> _Data_:
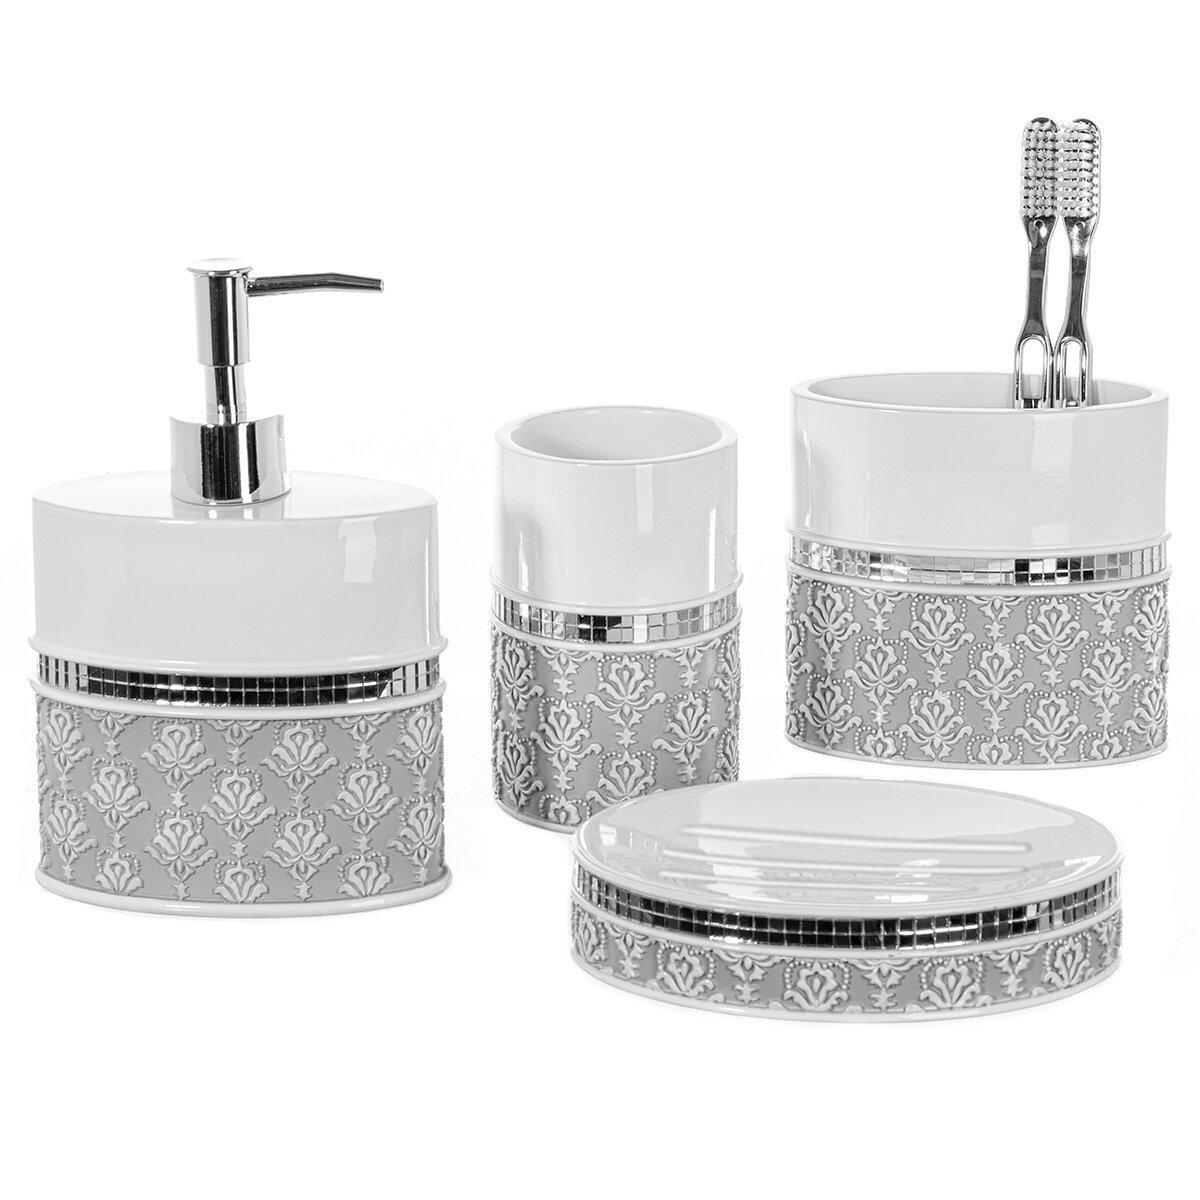 Creative scents 4 piece bathroom accessory set for Bathroom 4 piece set
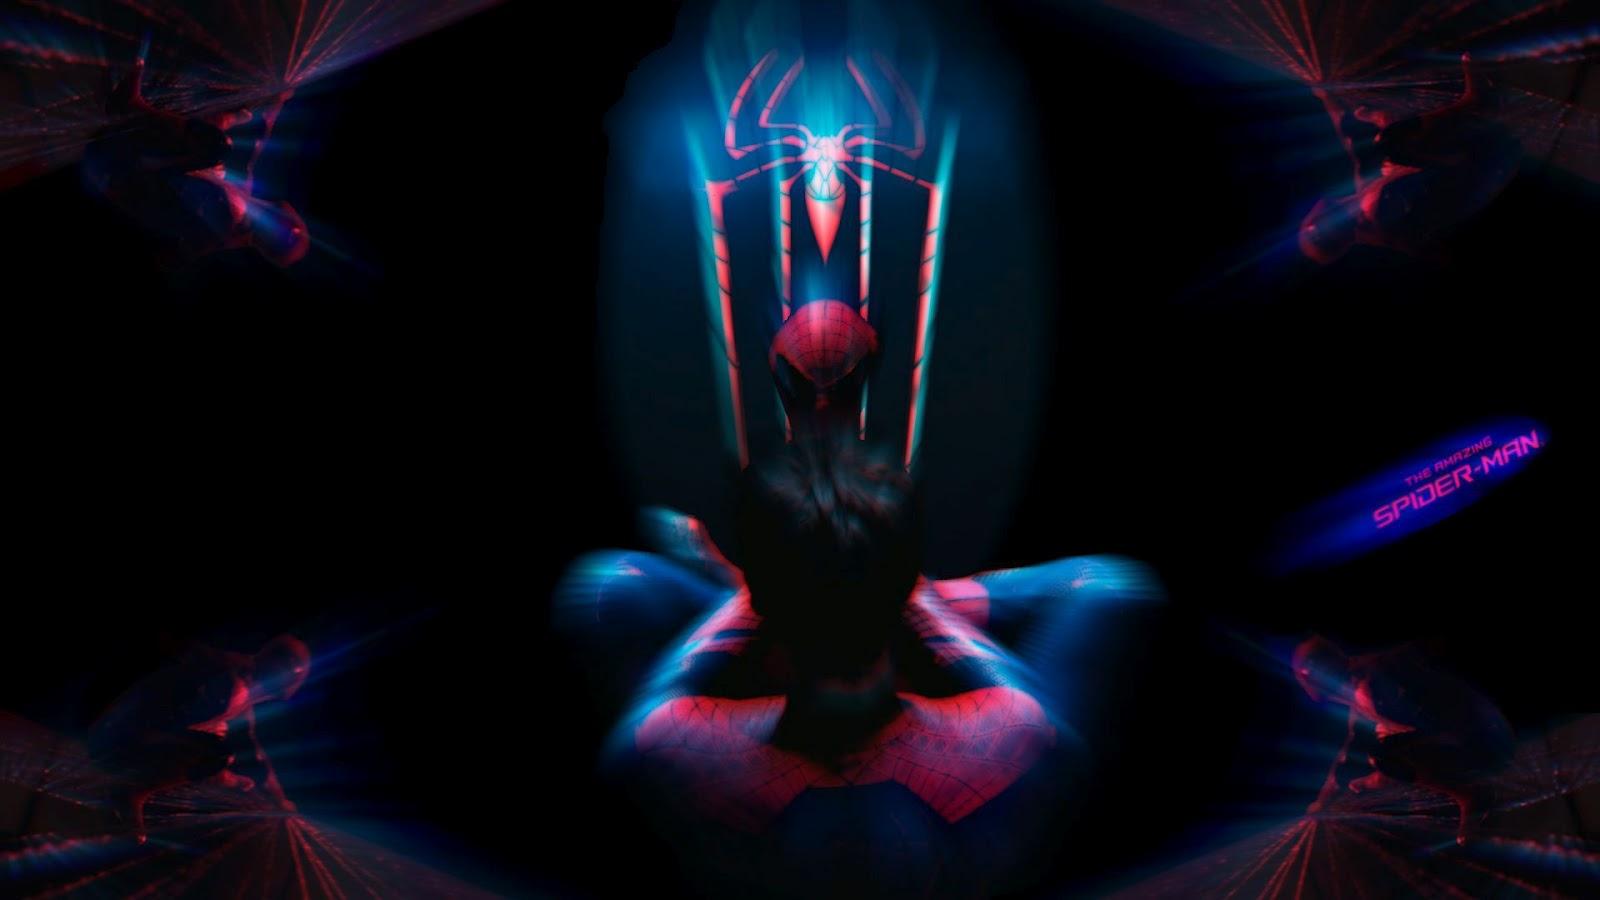 http://1.bp.blogspot.com/-F7bOJB2msfk/T2nQxAS6uYI/AAAAAAAAAZE/UOuSMUdixhU/s1600/Spiderman_2012_2.jpg
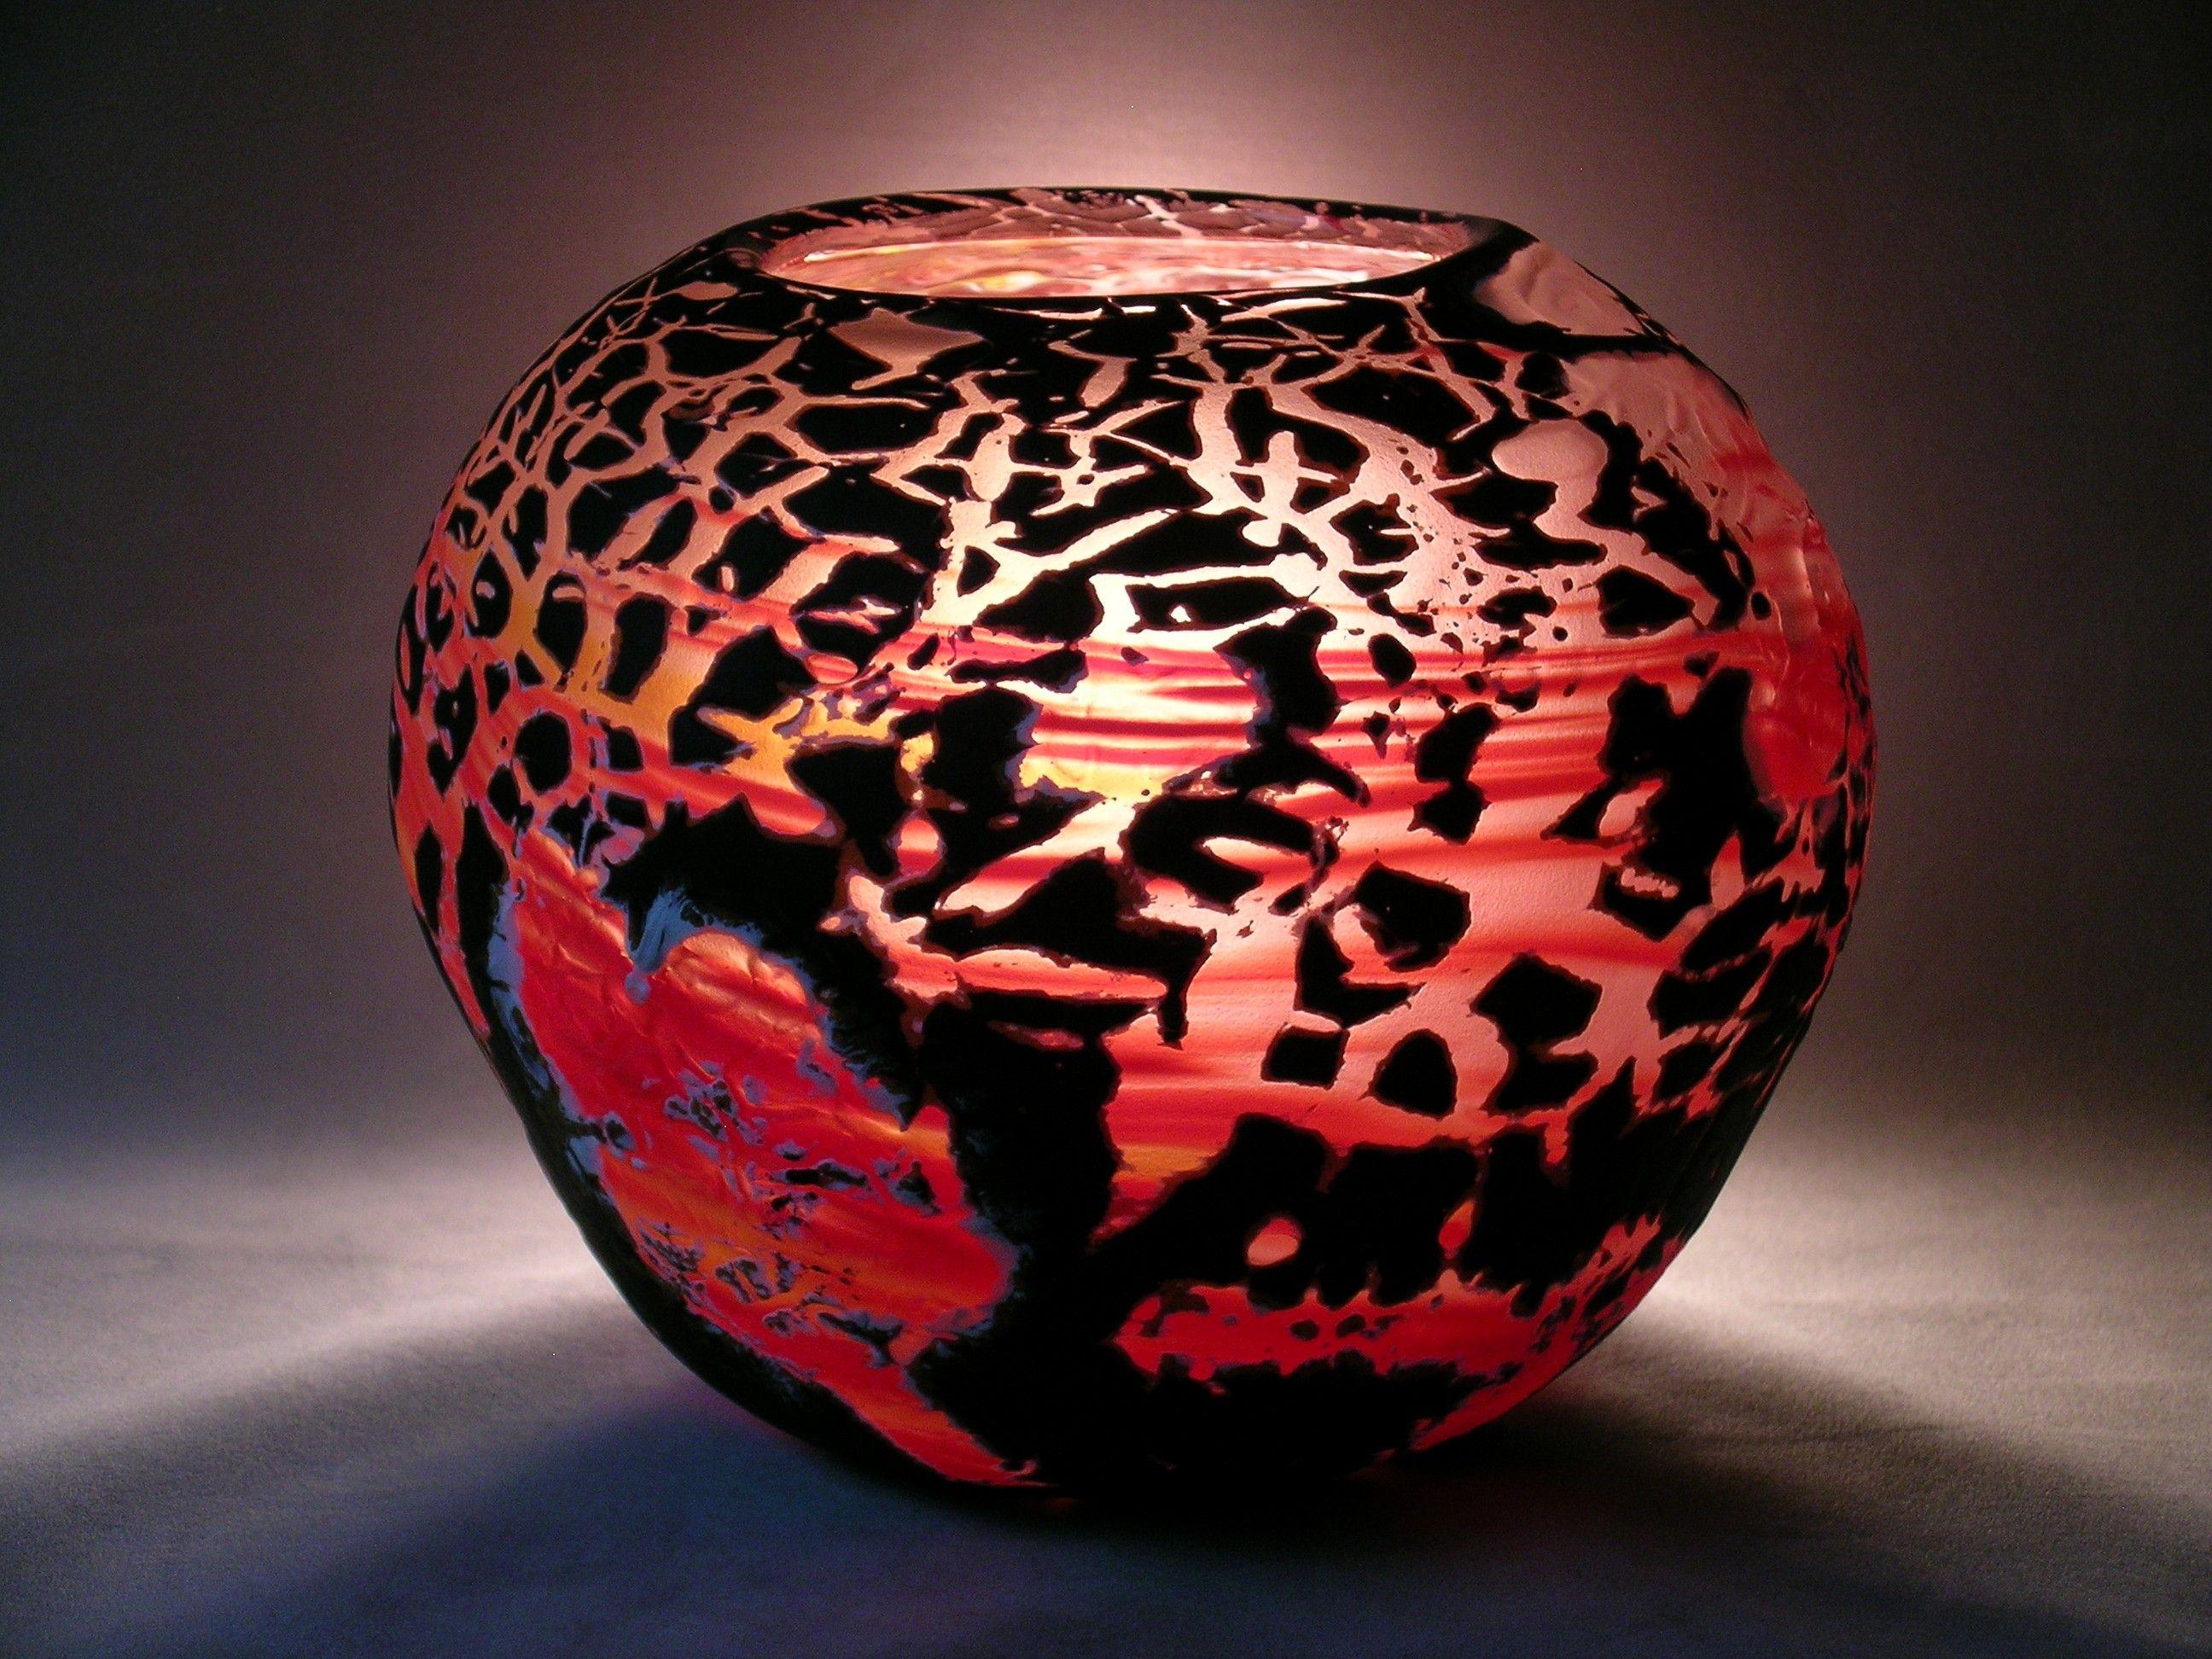 Crackle Bowl Glass art, Kickstarter campaign, Decor

> _Problem_:
Everything above except the pictures must be restated exactly.

> _Output of the task_:
 Creative scents 4 piece bathroom accessory set for Bathroom 4 piece set
 http://1.bp.blogspot.com/-F7bOJB2msfk/T2nQxAS6uYI/AAAAAAAAAZE/UOuSMUdixhU/s1600/Spiderman_2012_2.jpg
 Crackle Bowl Glass art, Kickstarter campaign, Decor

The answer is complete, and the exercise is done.